Soundtrack album / Studio album by KRU
- Released: September 1996
- Recorded: 1995–1996
- Genre: Pop; Hip-hop; R&B;
- Length: 51:00
- Label: EMI Music Malaysia
- Producer: KRU

KRU chronology
| Ooh! La! La! (1996) | Cinta Metropolitan OST (1996) | KRUmania (1997) |

= Cinta Metropolitan (soundtrack) =

Cinta Metropolitan OST is a soundtrack album by Malaysian boy band KRU for the 1996 film of the same name, which starred the KRU brothers. It was released in September 1996 by EMI Music Malaysia.
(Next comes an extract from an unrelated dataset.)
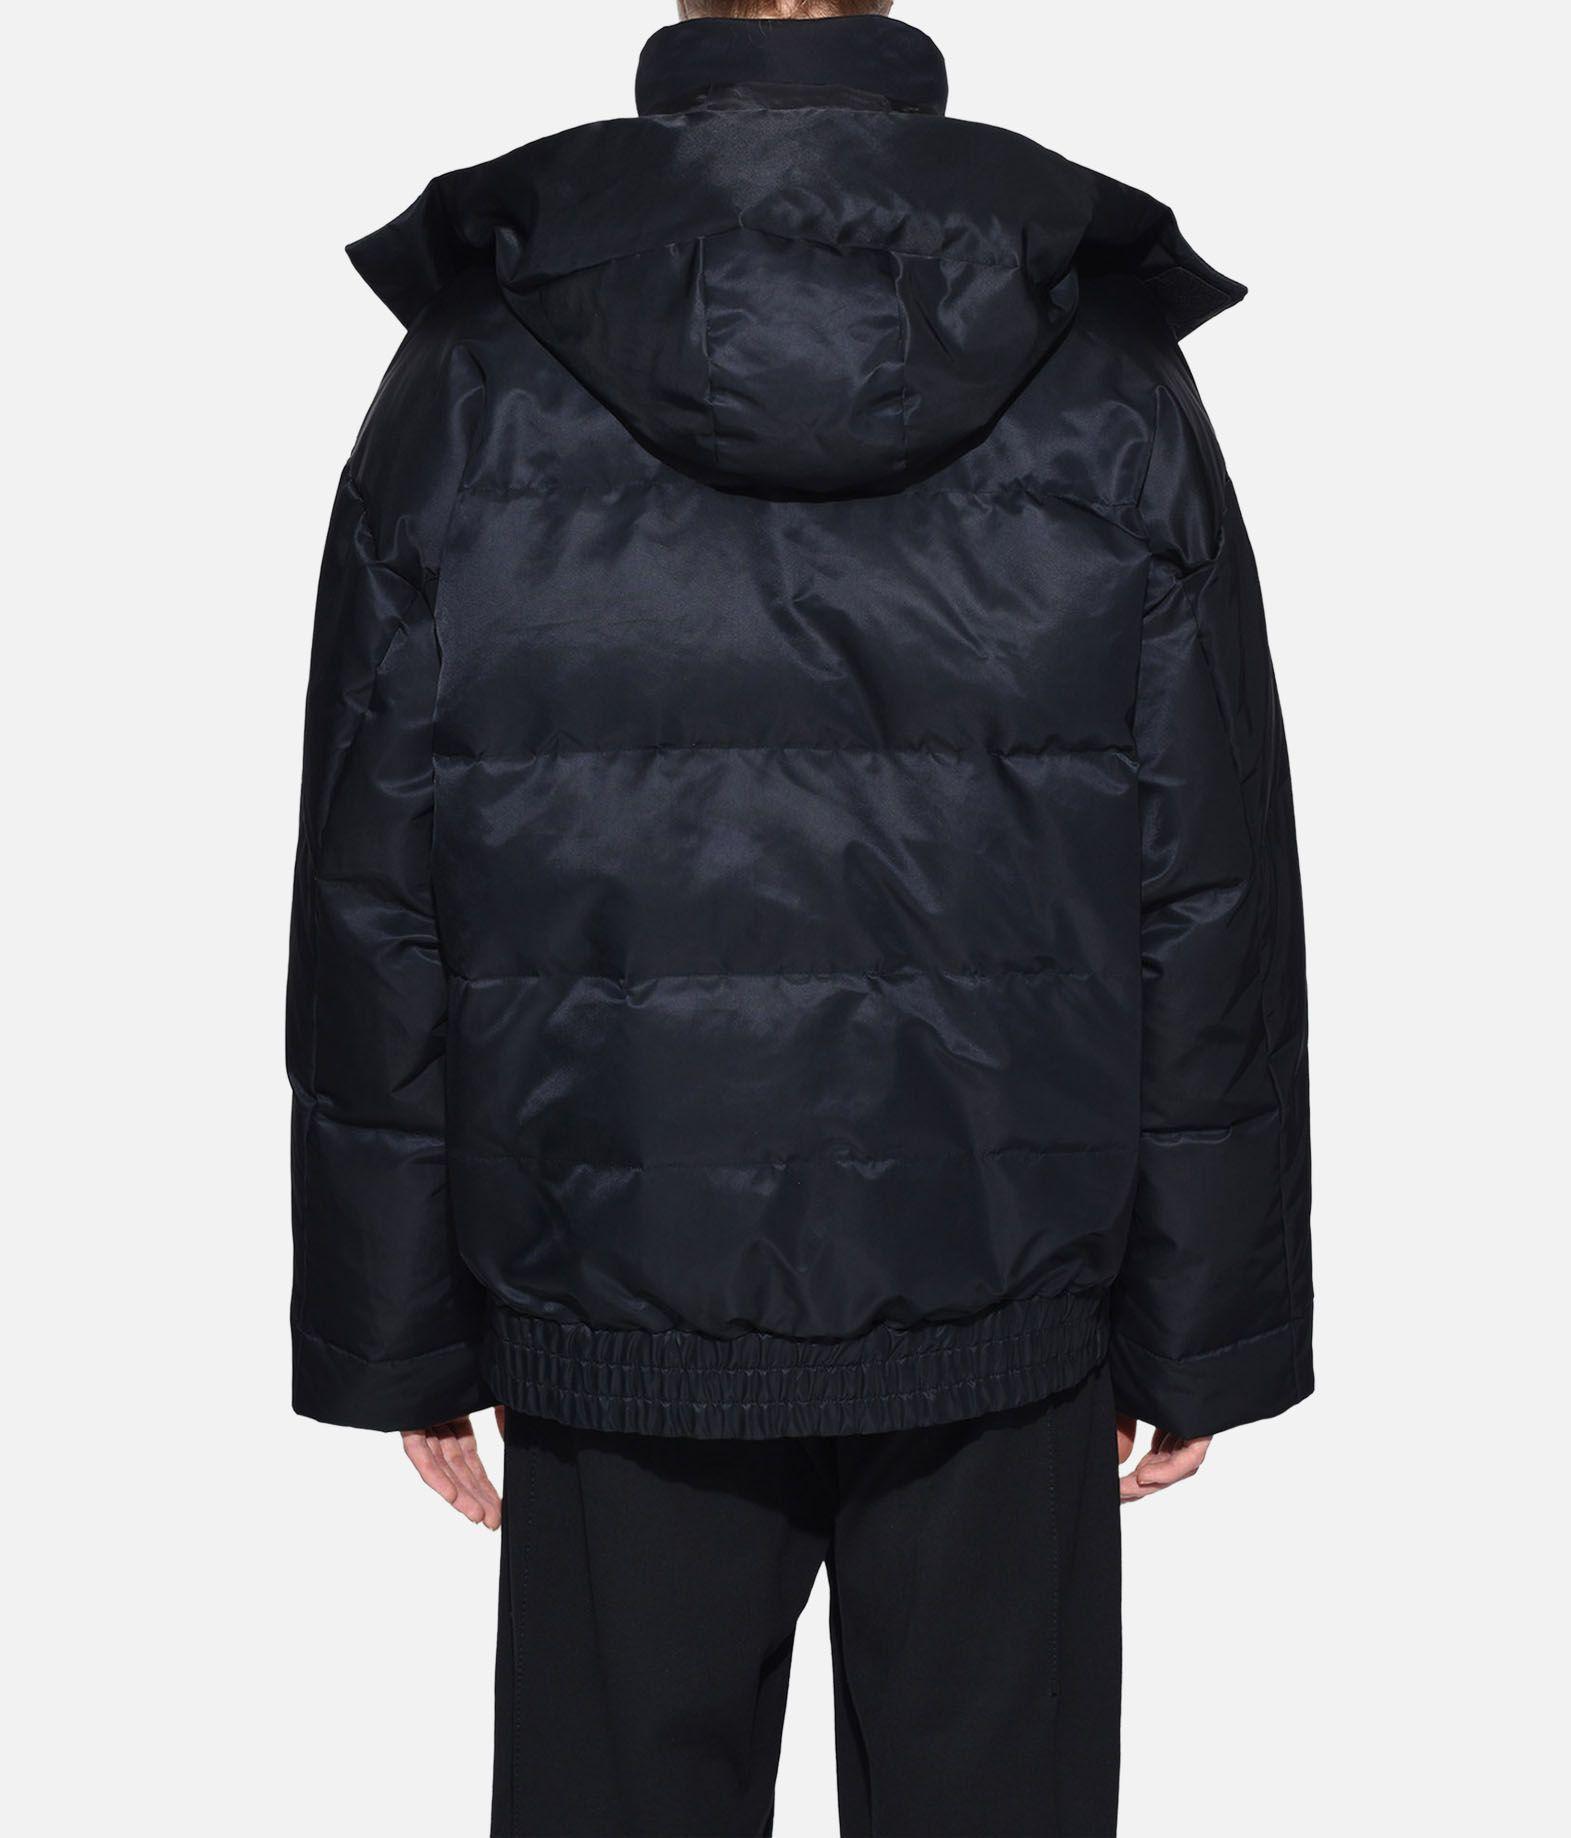 Y-3 Y-3 Down Hoodie Jacket Пуховик Для Женщин d

The soundtrack consists of 21 tracks, including 10 songs and one remix from their fifth studio album, Ooh! La! La!!, with the remaining tracks featuring dialogue excerpts from the film.

==Production==
The album was produced by KRU between 1995 and 1996. The soundtrack contains 10 songs and one remix taken from their previous album, Ooh! La! La!, which was released seven months earlier, while the remaining tracks feature dialogue excerpts from the film. The total reported cost for the soundtrack and film promotion was RM 100,000.

==Track listing==
All songs written by Norman, Yusry and Edry Abdul Halim; remaining tracks contain dialogue excerpts from the film

| No. | Title | Length |
|---|---|---|
| 1. | "Apa Saja (Versi Cinta Metropolitan)" | 4:16 |
| 2. | "Business Tak Merugikan... (Interlude)" | 0:16 |
| 3. | "Ooh! La! La!" | 3:31 |
| 4. | "Nurul, Haris, Irwan dalam Dilema..." | 0:21 |
| 5. | "Semuanya OK" | 3:58 |
| 6. | "Semua Orang Ada Masalah (Interlude)" | 0:41 |
| 7. | "Balada Hati" | 4:22 |
| 8. | "Duit Palsu (Interlude)" | 0:25 |
| 9. | "Diari Metropolitan (feat. Elite)" | 4:20 |
| 10. | "Markas Farouk" | 0:31 |
| 11. | "Girlfriend’s Girlfriend" | 4:11 |
| 12. | "Countdown (Interlude)" | 1:11 |
| 13. | "Boom!" | 3:58 |
| 14. | "Hamba Duit (Interlude)" | 0:30 |
| 15. | "Persetankannya" | 3:57 |
| 16. | "Lu... Lu Punya Hal! Gua... Gua Punya Hal!" | 1:02 |
| 17. | "Apa Saja" | 3:59 |
| 18. | "Scene 23" | 0:33 |
| 19. | "Freaky G" | 4:00 |
| 20. | "Cinta Metropolitan (Interlude)" | 0:54 |
| 21. | "Ulangkan Sekali Lagi" | 4:15 |
| Total length: |  | 51:00 |

==Release and reception==
The soundtrack was released in September 1996 concurrently with the release of KRU's second film, Cinta Metropolitan.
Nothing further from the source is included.